The bank does mortgages, handles personal checking accounts and other consumer-focused services, but the ratio is about 60 percent business to 40 percent consumer, Pattison said.
Data for Northstar is not yet available from the Federal Deposit Insurance Corp., since the bank was formed so recently, but numbers for the two banks that merged to create Northstar show that real estate loans made up the majority of assets at both institutions.
As of June 30, real estate loans made up more than $284 million in assets at both banks combined, with agricultural loans making up the second-largest share of loans with $36 million, according to financial data submitted to the FDIC.
Northstar intends to continue lending with a business focus, Pattison said, and will consider speculative projects, something about which many banks are still gun-shy in the recession’s wake. The bank’s large presence in Weld County makes it a candidate for oil and gas lending as well.
Another bank with business in its name also is making its way into the Northern Colorado market. Colorado Business Bank, which announced its physical expansion into the area this summer, is hoping to get regulatory approval for a Fort Collins branch in October or November, said Doug Woods, Fort Collins market president for the bank.
An exact location for the branch is not yet known, Woods said, but it will be downtown and will be staffed with five or six people. Colorado Business Bank already has received regulatory approval for a loan production office and already is making loans out of temporary offices in the Opera Galleria in downtown Fort Collins.
In addition to business lending, Colorado Business Bank includes business-friendly services such as a treasury group, investment banking and foreign exchange, Woods said. These services were used by customers in the Northern Colorado market before the bank decided to make a physical move to the area, Woods said, but opening the branch will mean a much larger presence for basic banking services, including lending.
Colorado Business Bank’s parent company, CoBiz Financial (Nasdaq: COBZ), is headquartered in Denver and is a $2.6 billion holding company. The bank’s loans are mostly in the real estate and commercial sectors, with more than $1.1 billion and $701 million in loans in these categories, respectively, as of June 30.
But Woods, who came from Capital West Bank in Fort Collins, says the bank will have plenty of competition in spite of its focused approach.

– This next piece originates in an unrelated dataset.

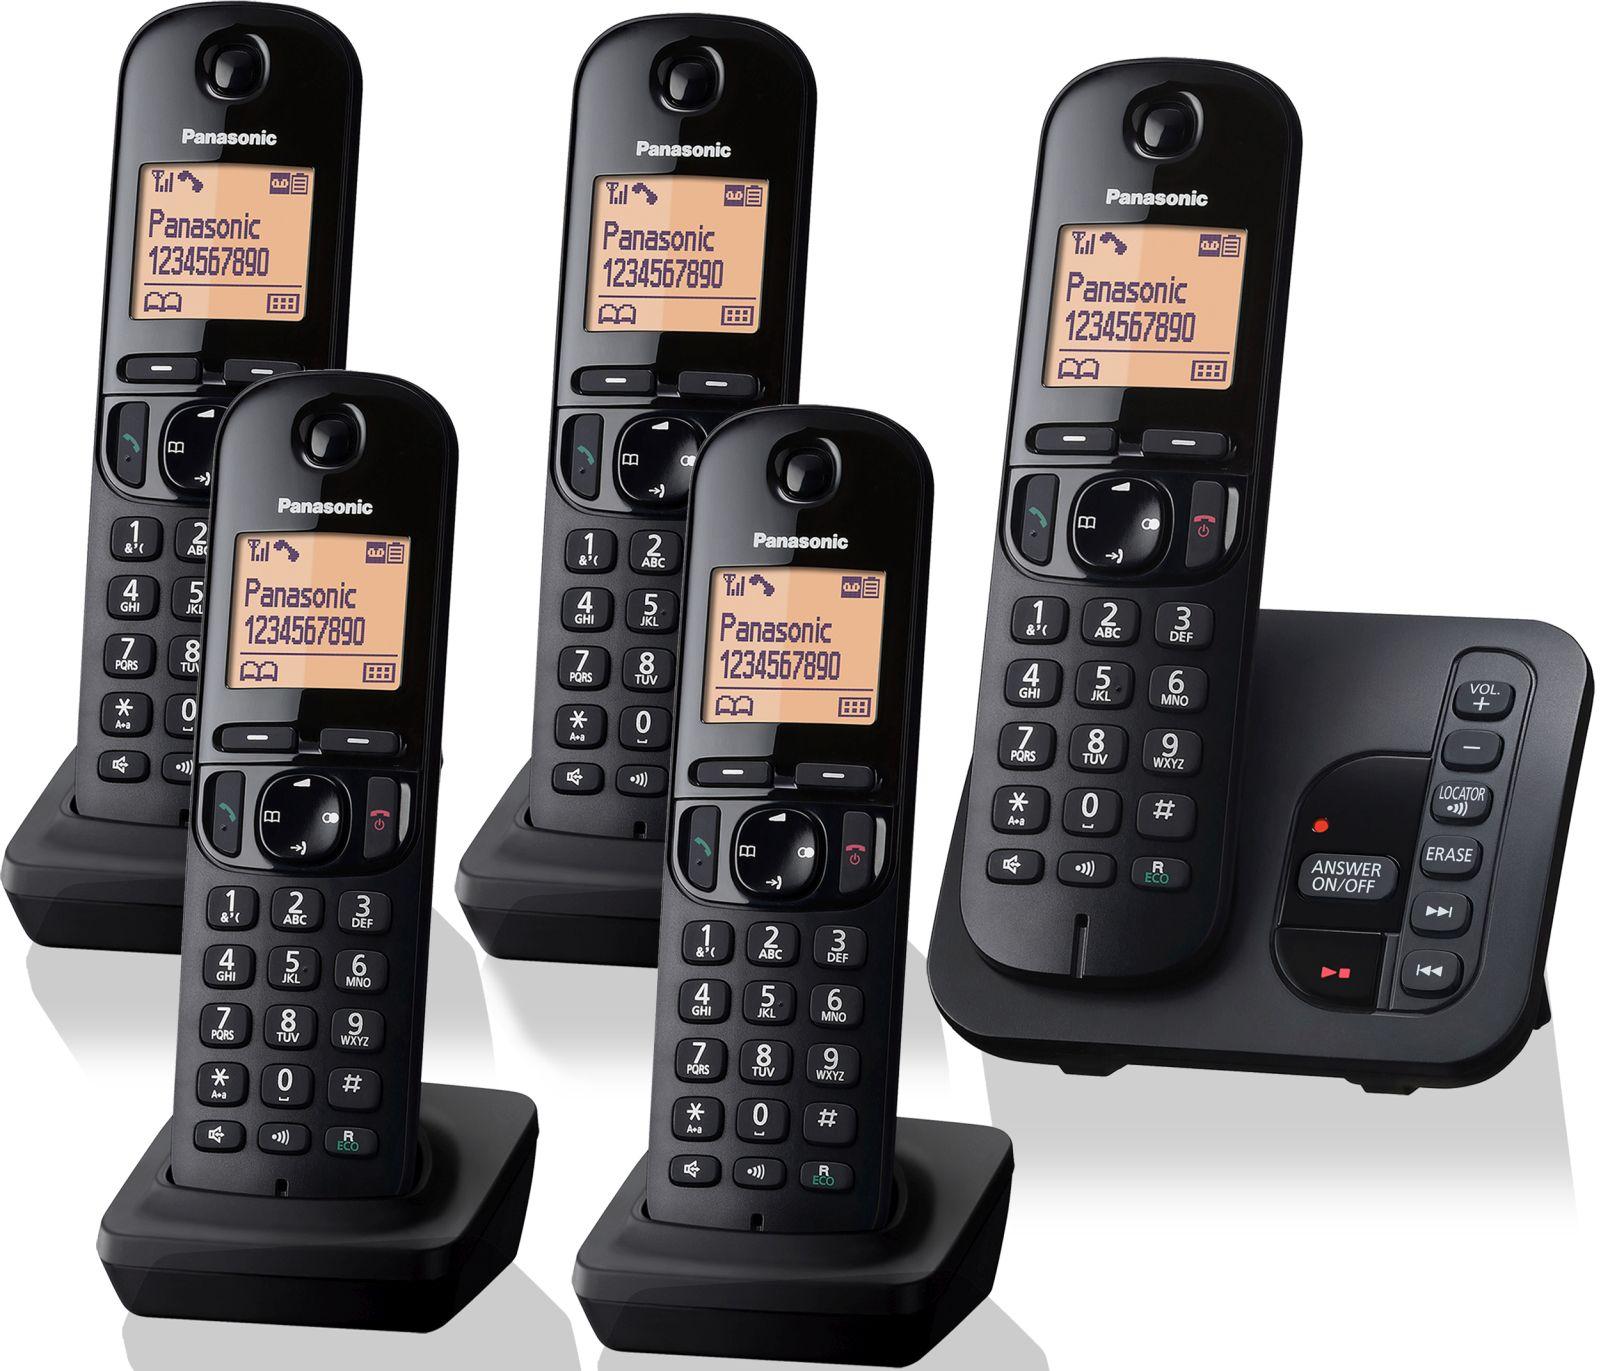 Image of Panasonic KX-TGC 225EB Cordless Phone, Five Handsets with Answer Machine

“Competition is the biggest challenge, but we can do basic business and also provide service through our different groups,” Woods said.
Northern Colorado often is thought of as bank-heavy or even “over-banked,” with banks of all kinds and sizes, many of which are growing steadily again after the recession.
According to the FDIC’s most recent deposit market share report, published in June 2012, there are 184 bank branches operating in Larimer and Weld counties combined, serving a combined population of more than 560,000, according to the U.S. Census Bureau.
That works out to about one bank branch for every 3,000 people, which is on par with the number of bank branches per capita for Colorado and the United States, according to data from the FDIC and the Colorado Bankers Association.